THE DATA:
----

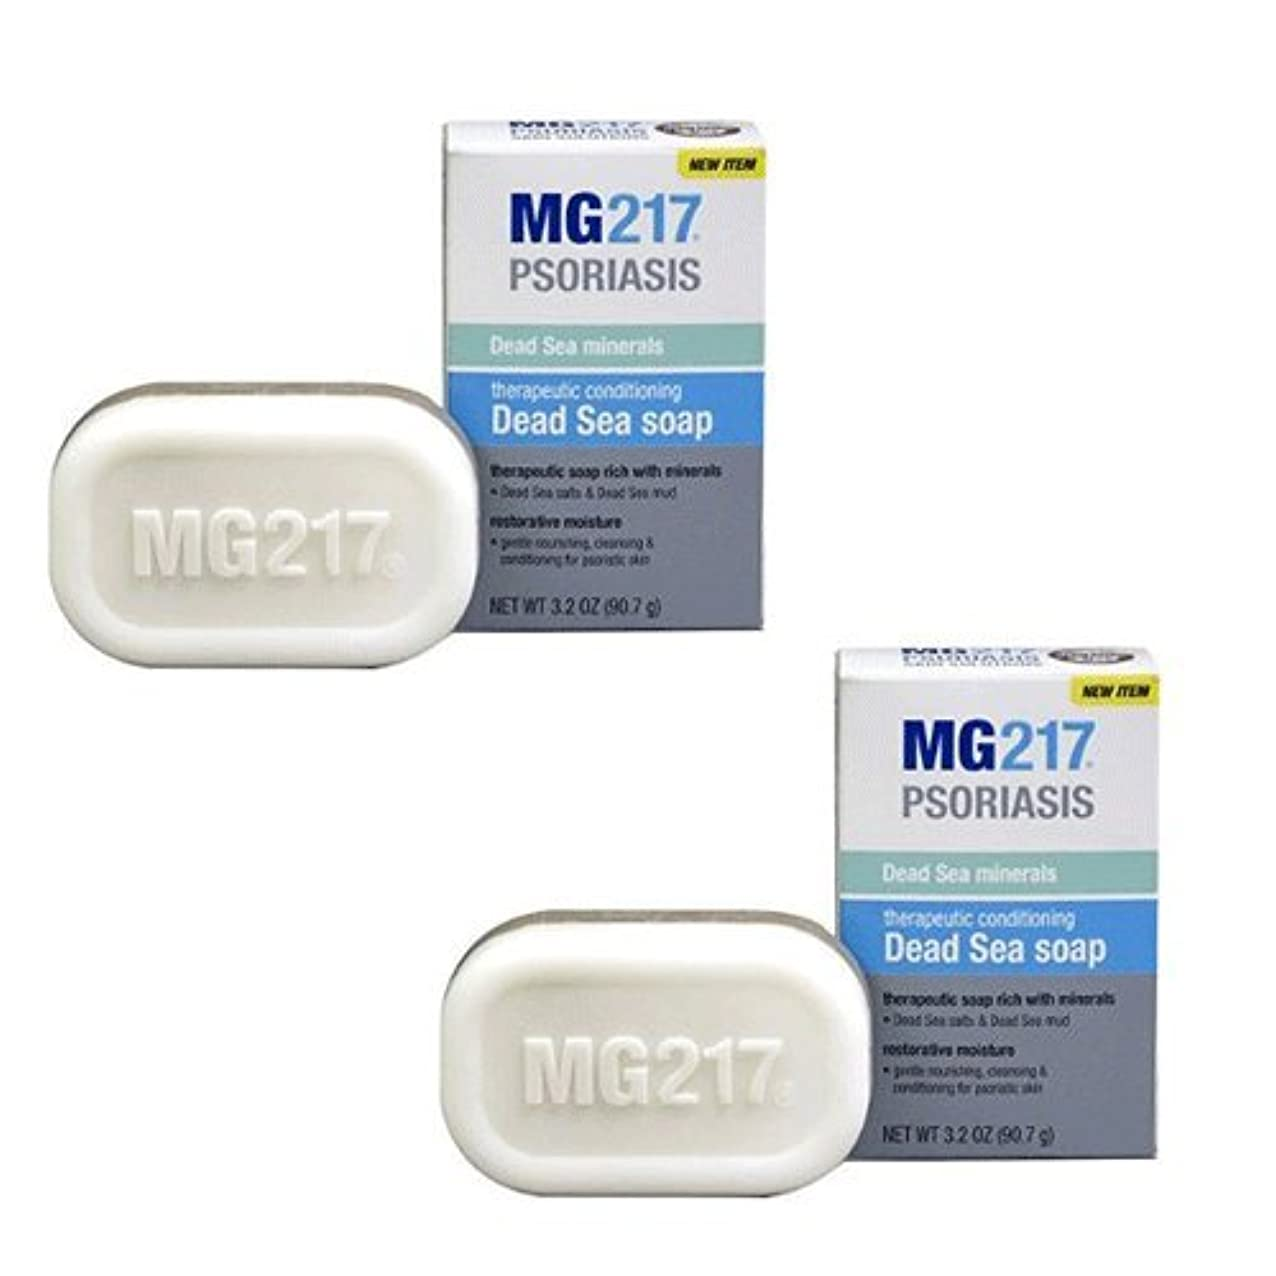 風景強要アルファベット2個セット 死海の泥とミネラルたっぷり MG217ソープ 90g MG217 Psoriasis Therapeutic Conditioning Dead Sea Bar Soap
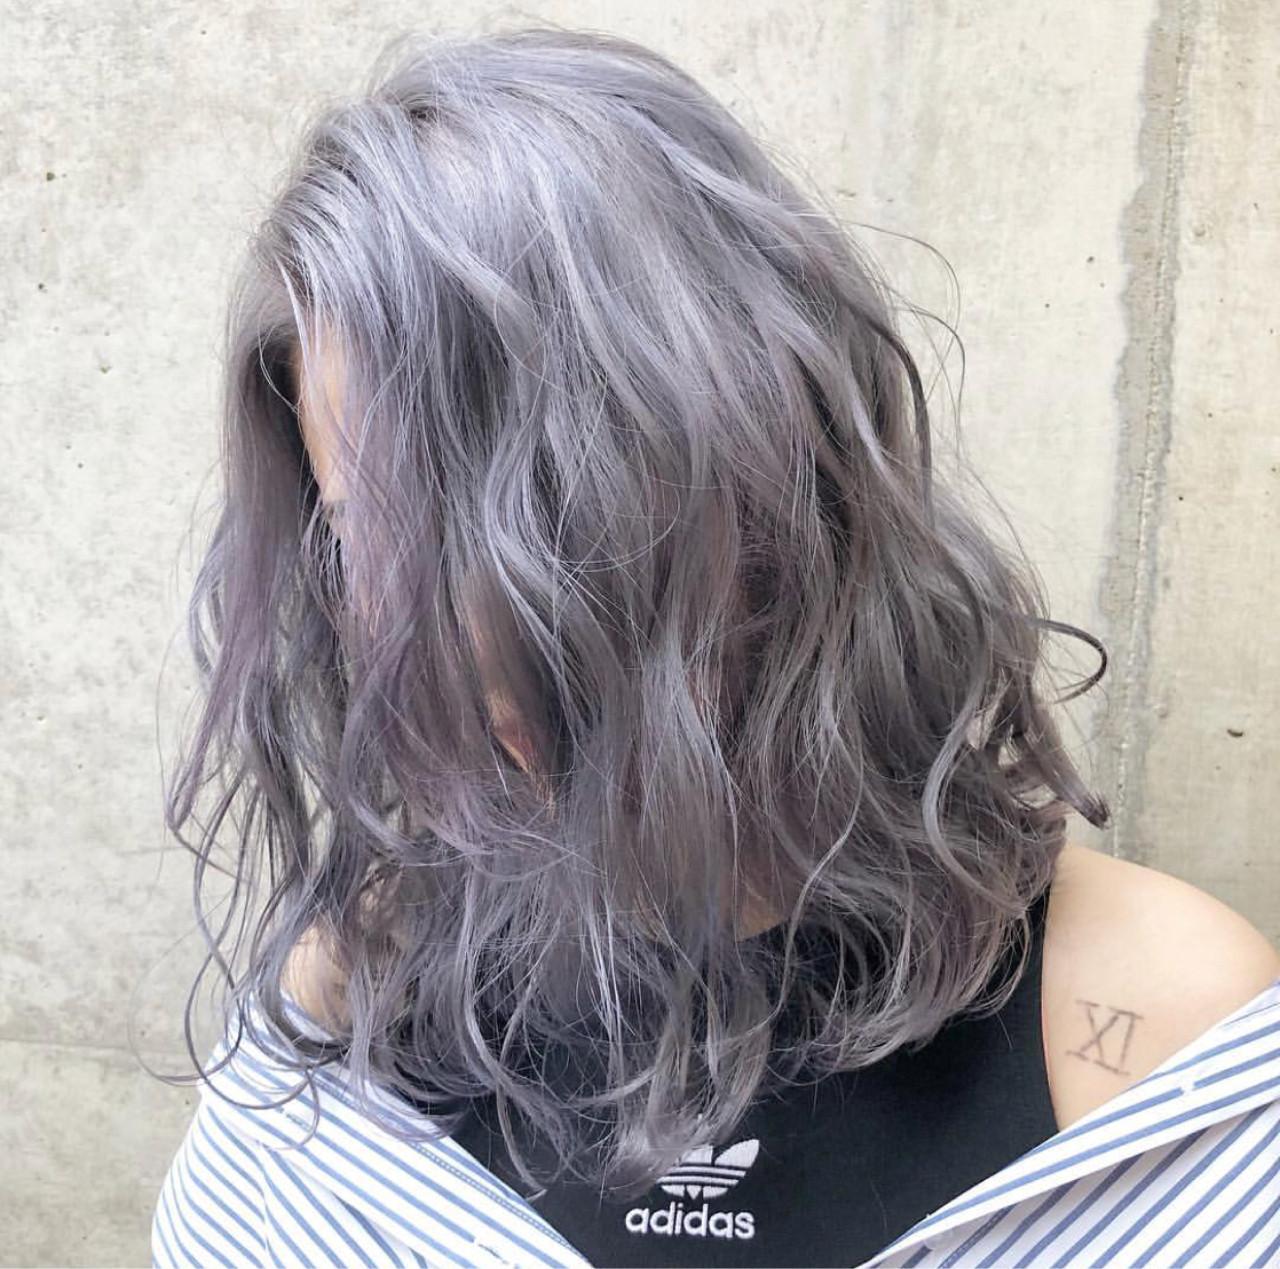 ミディアム アッシュグレー シルバーアッシュ ストリート ヘアスタイルや髪型の写真・画像
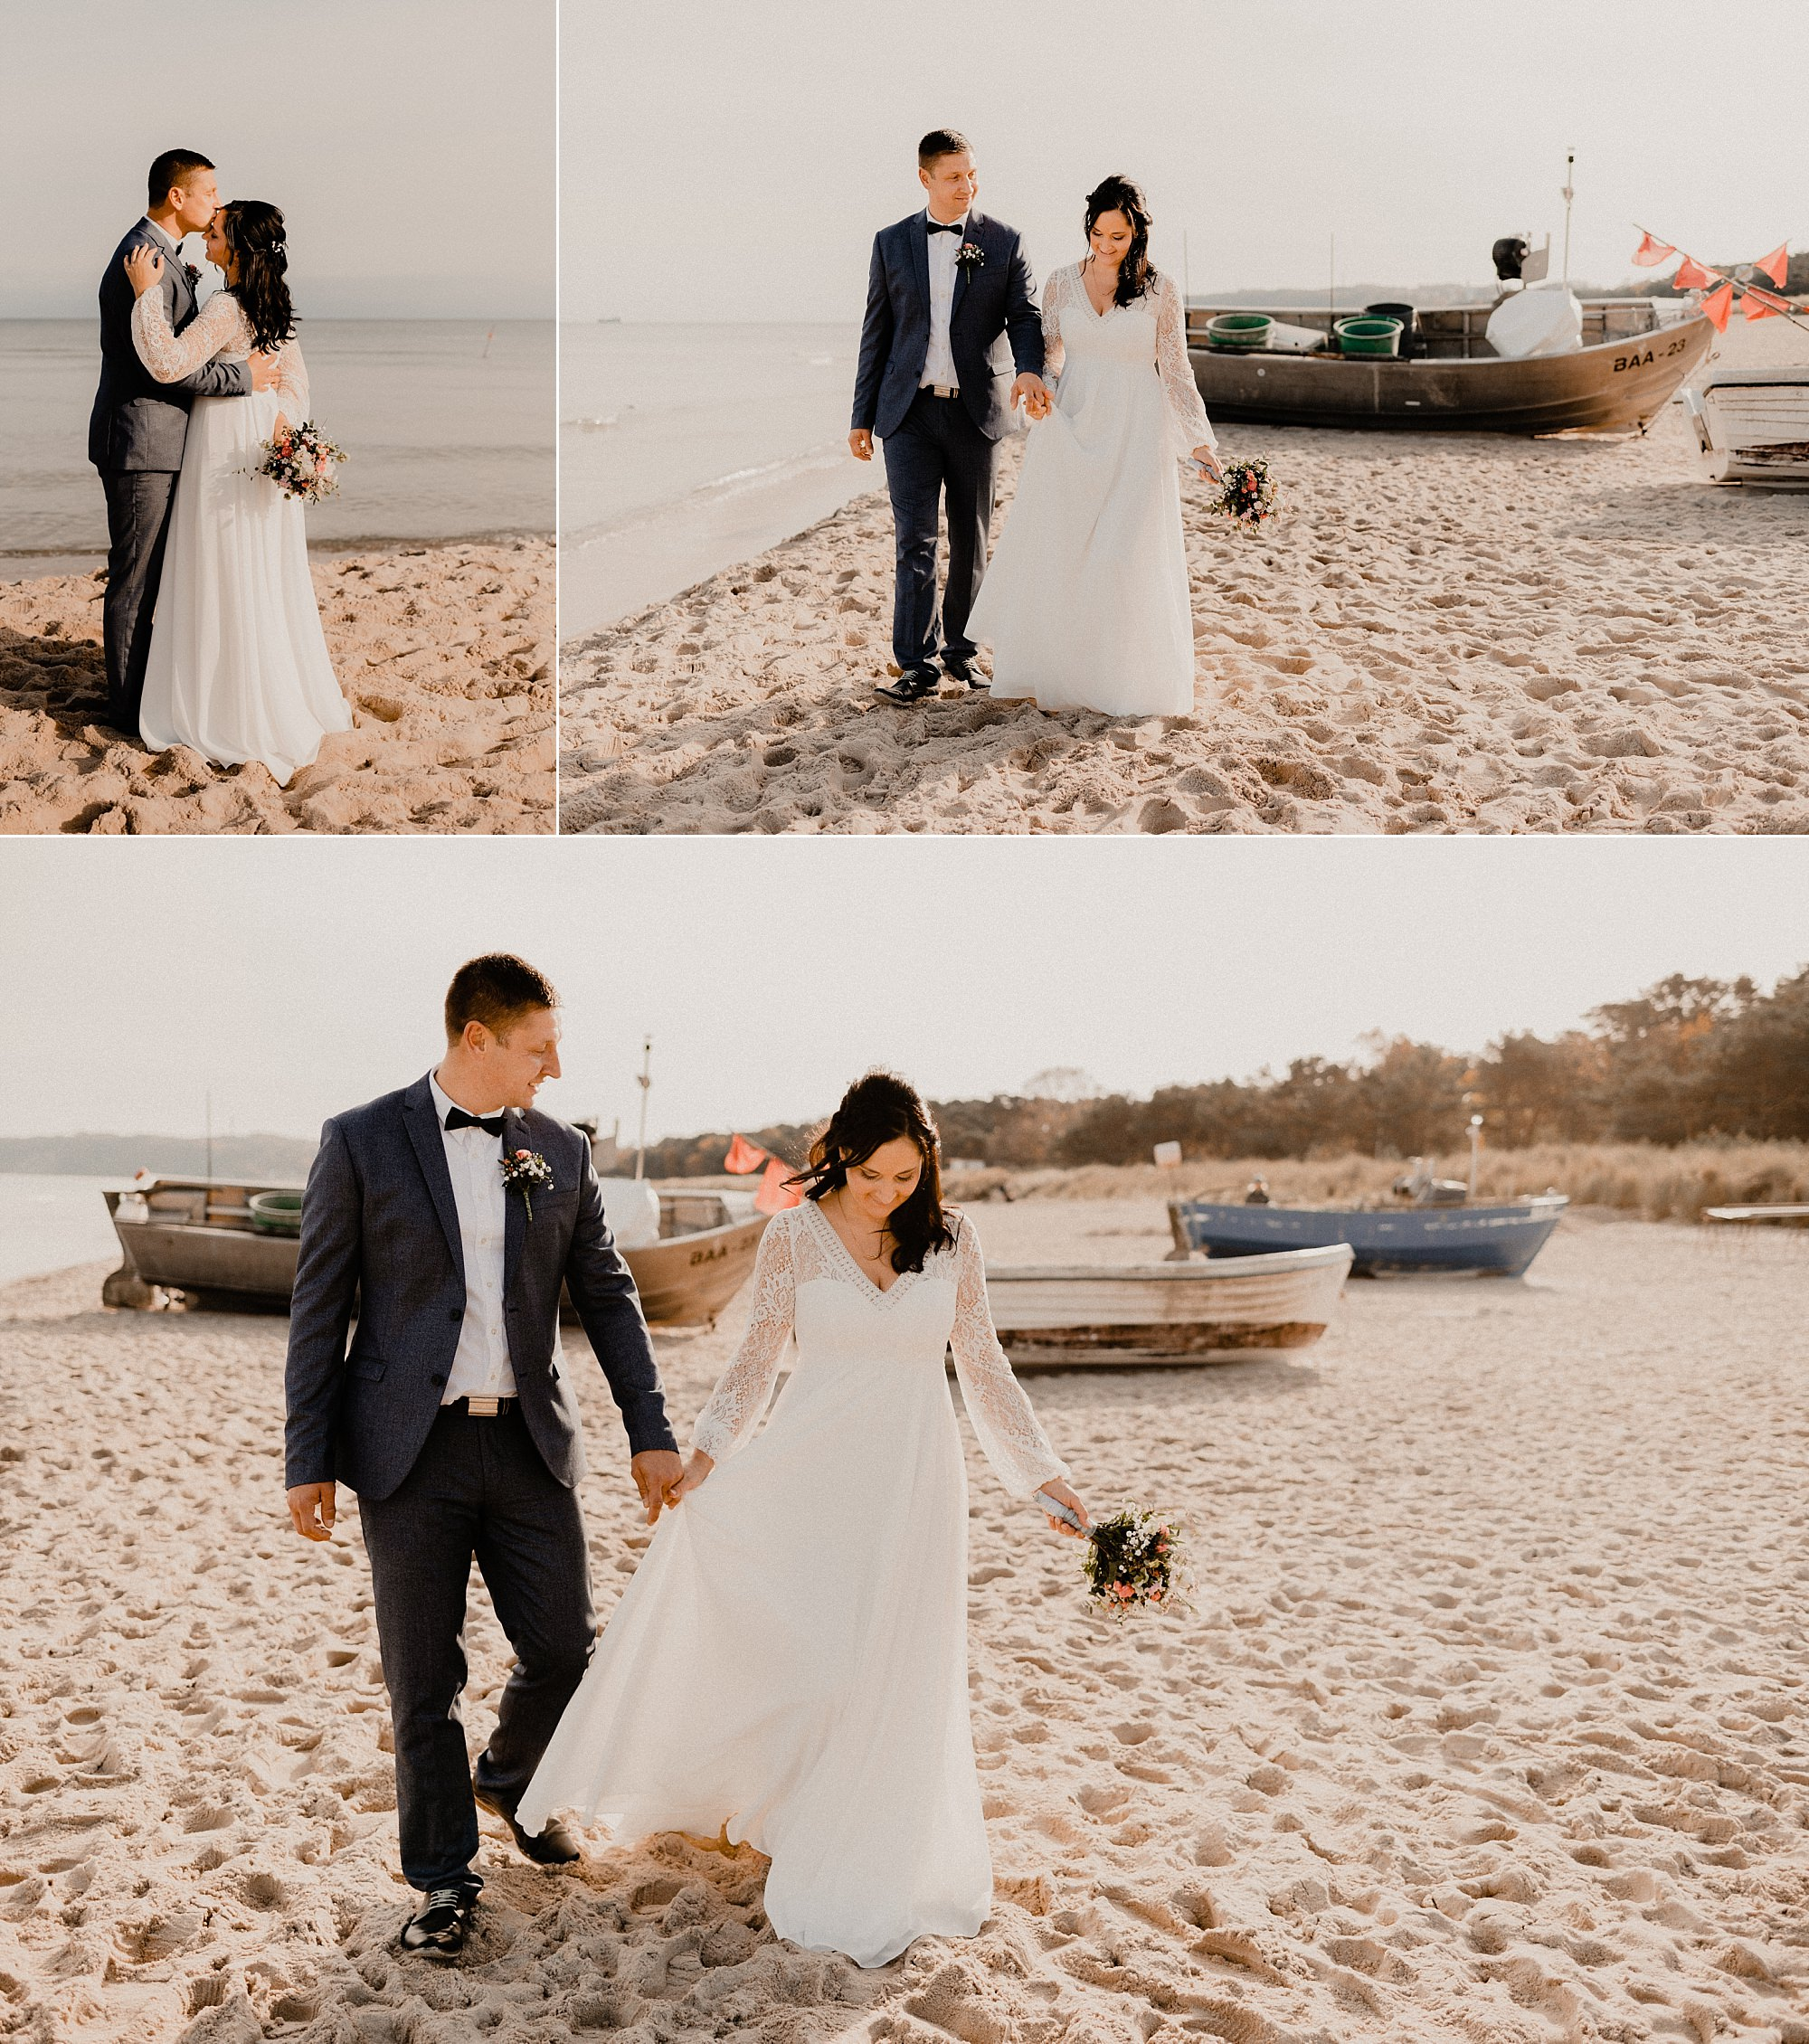 Hochzeitsfotograf Gut Groß Siemen - Hochzeitsfotografie Wasserburg Turow - Hochzeitsfotos Jagdschloss Gelbensande - Hochzeitsfotograf  Hotel Schloss Gamehl - Fotograf Hochzeit Mariandl am Meer

----

THE PROBLEM: Every line from the one containing "ミディアム アッシュグレー シルバーアッシュ ストリート ヘアスタイルや髪型の写真・画像" through the end of the listing is to be copied exactly; the pictures are not.

SOLUTION TO THE EXERCISE:
 ミディアム アッシュグレー シルバーアッシュ ストリート ヘアスタイルや髪型の写真・画像
 Hochzeitsfotograf Gut Groß Siemen - Hochzeitsfotografie Wasserburg Turow - Hochzeitsfotos Jagdschloss Gelbensande - Hochzeitsfotograf  Hotel Schloss Gamehl - Fotograf Hochzeit Mariandl am Meer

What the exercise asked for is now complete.